#### [Try it]
Below is a listing; print exactly its lines from the one containing "Brick House Robusto" down to the one containing "documentacion/memoria/figuras/incremento2.png", both inclusive, with every picture left out.

### The data

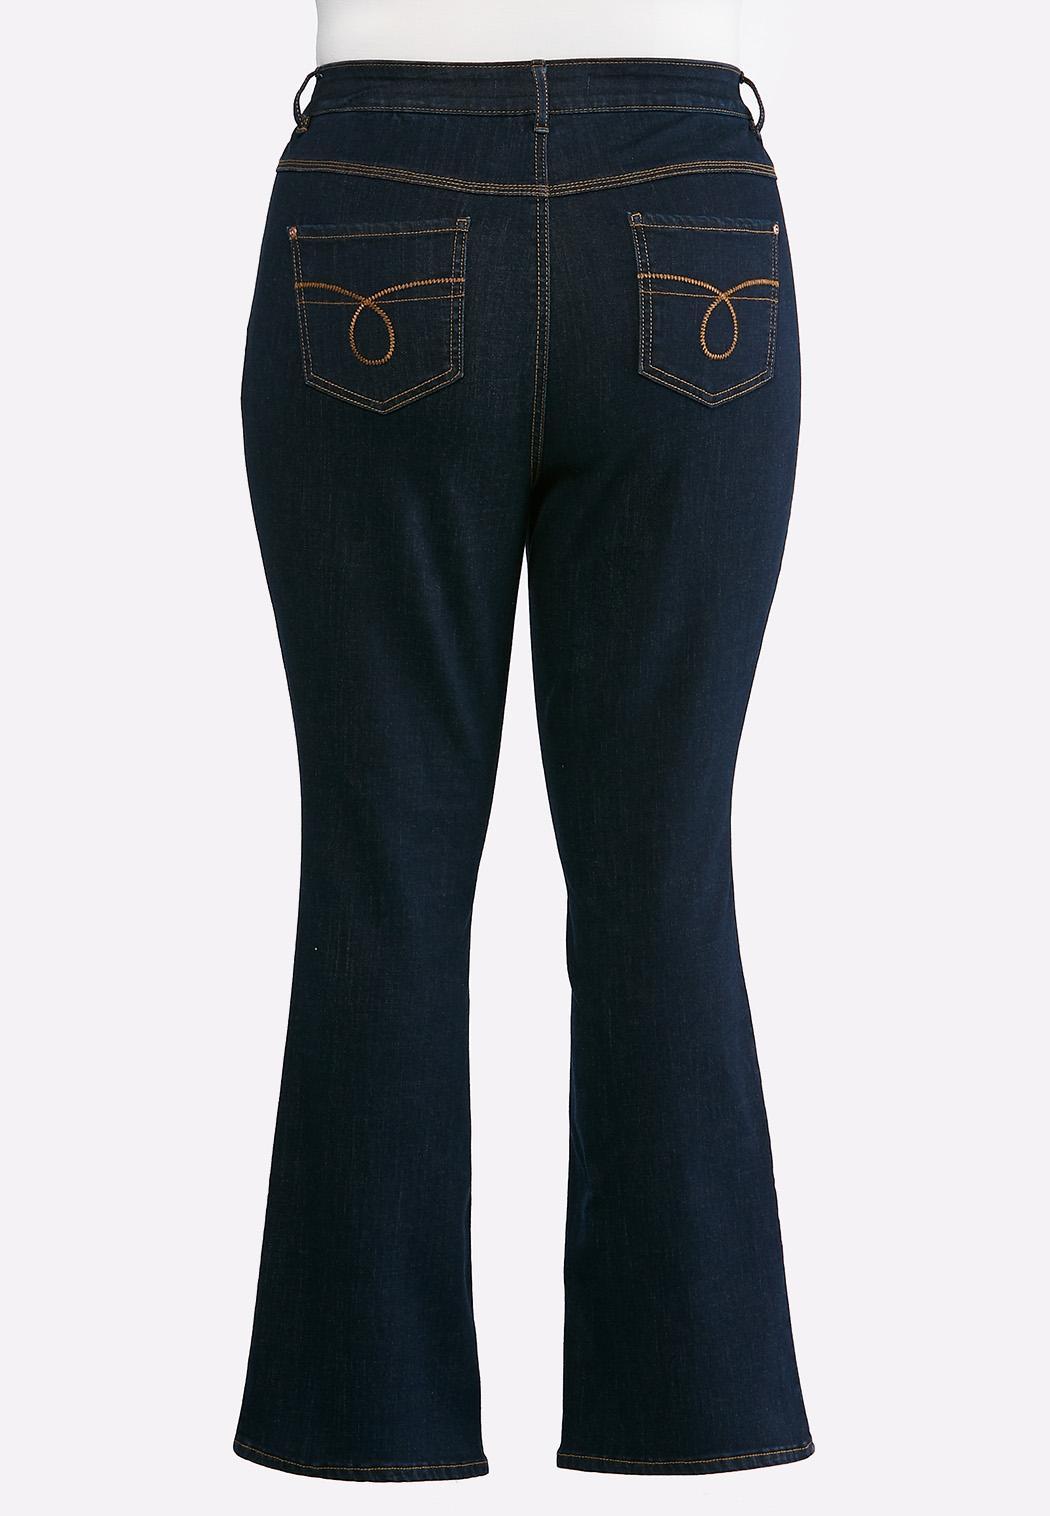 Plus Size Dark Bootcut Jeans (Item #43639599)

######
### The data

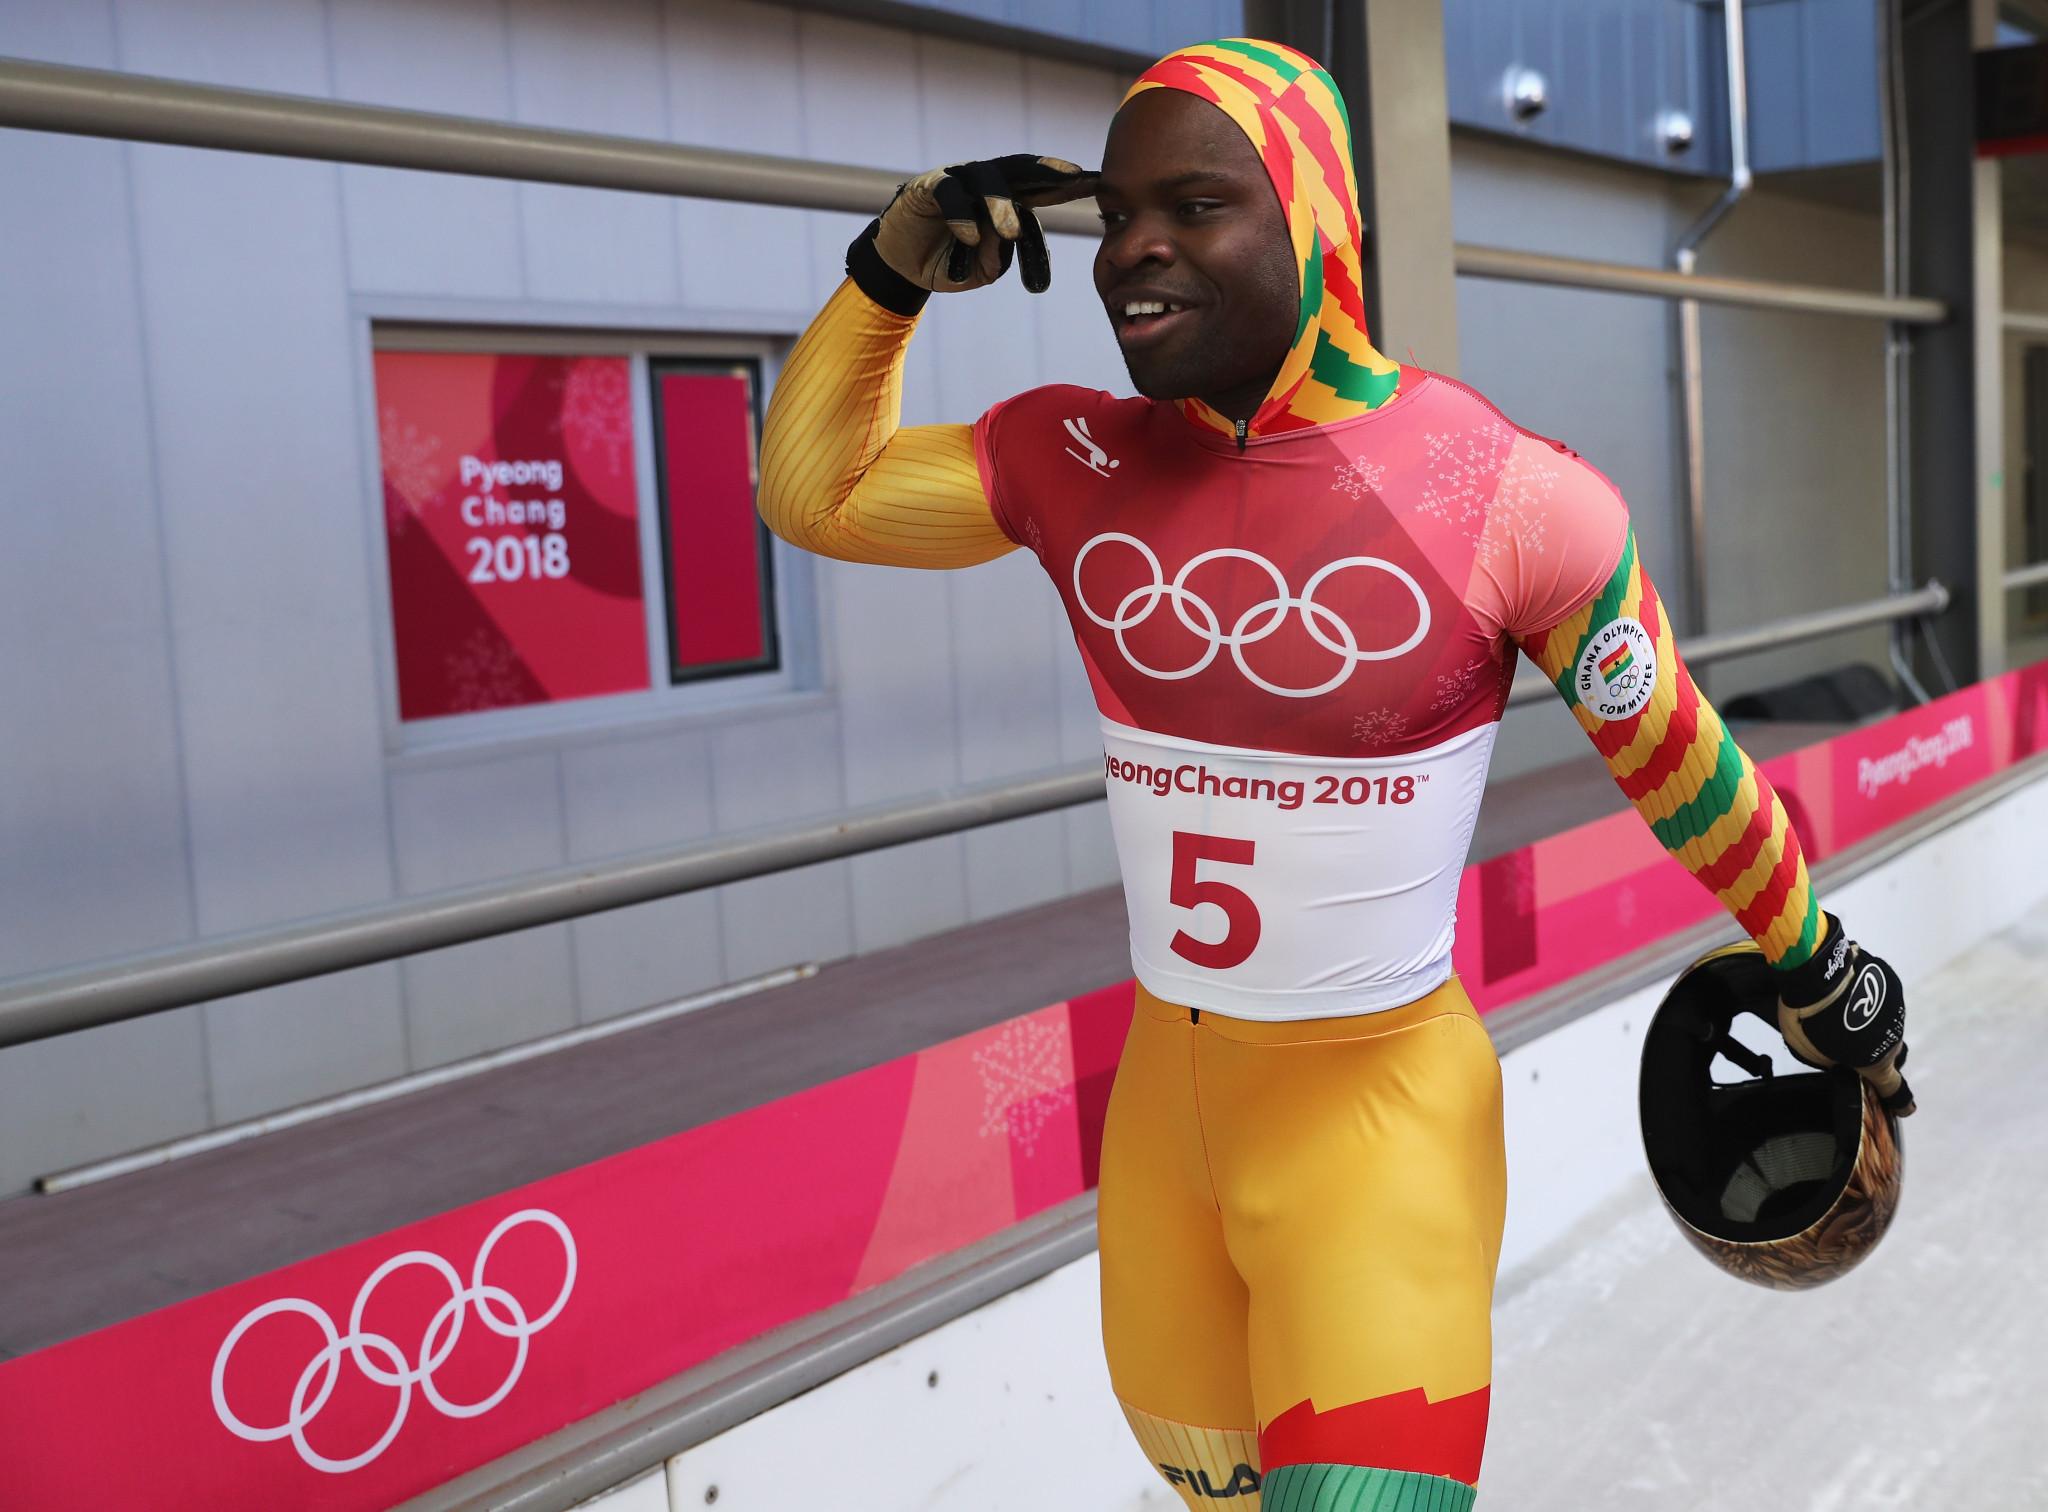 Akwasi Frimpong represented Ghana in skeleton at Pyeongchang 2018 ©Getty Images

######
### The data

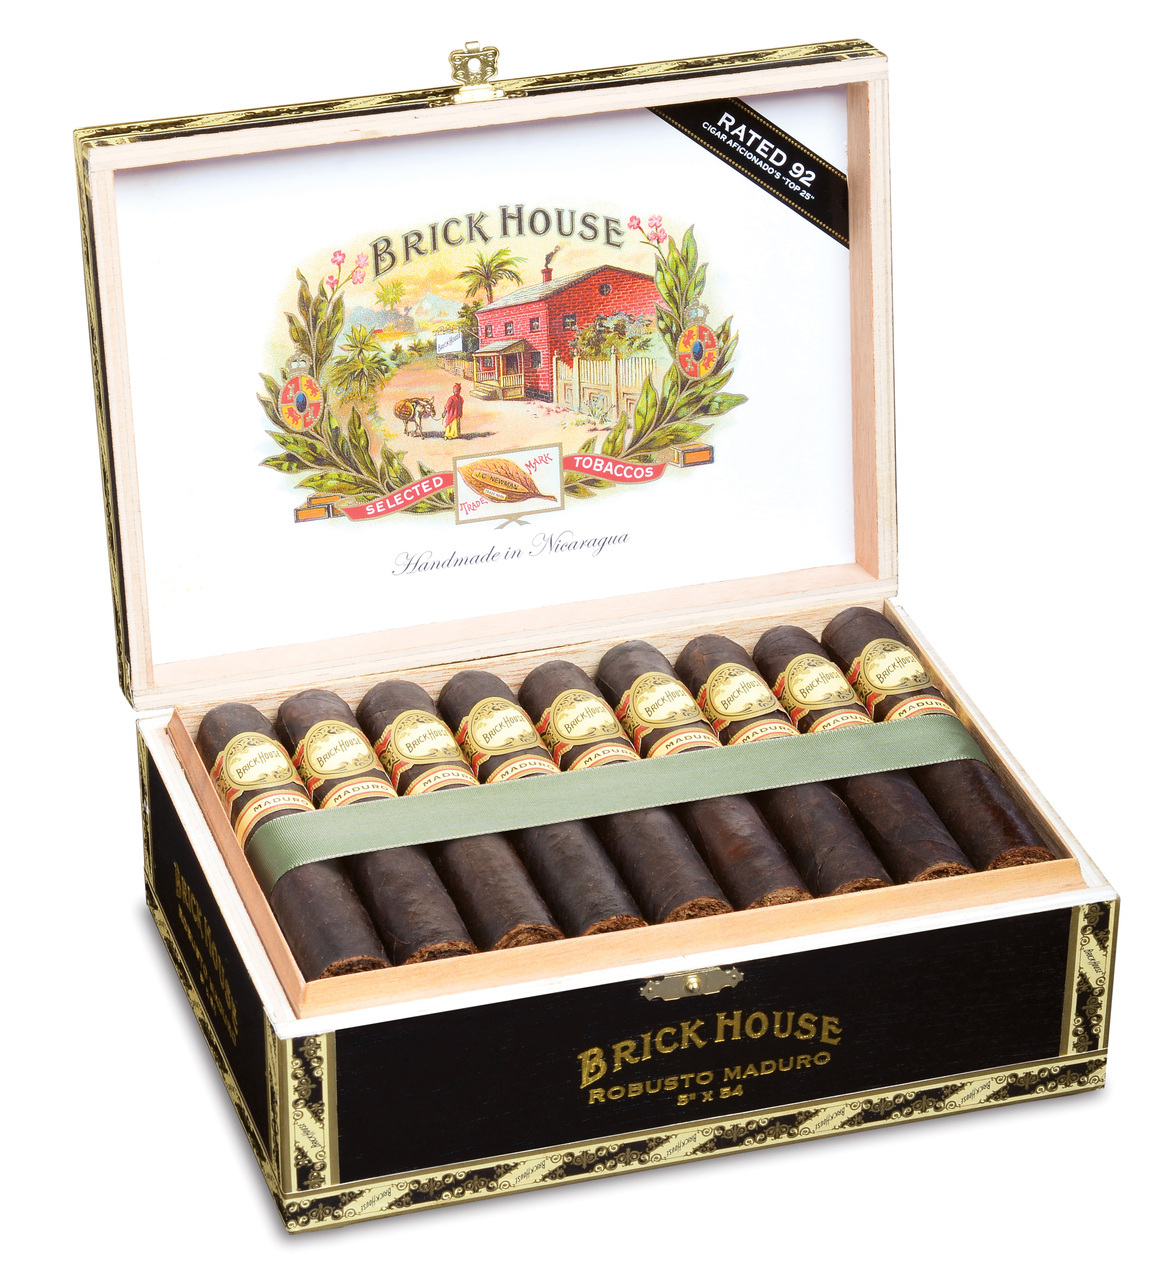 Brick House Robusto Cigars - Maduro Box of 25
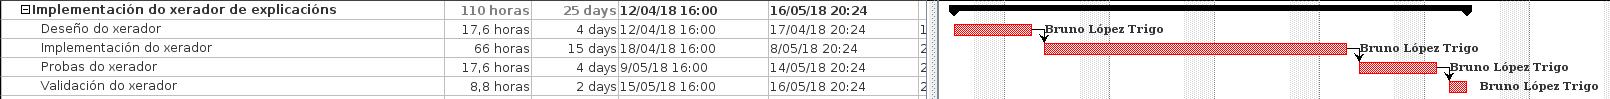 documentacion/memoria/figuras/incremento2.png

######

#### [Result of the exercise]
 Brick House Robusto Cigars - Maduro Box of 25
 documentacion/memoria/figuras/incremento2.png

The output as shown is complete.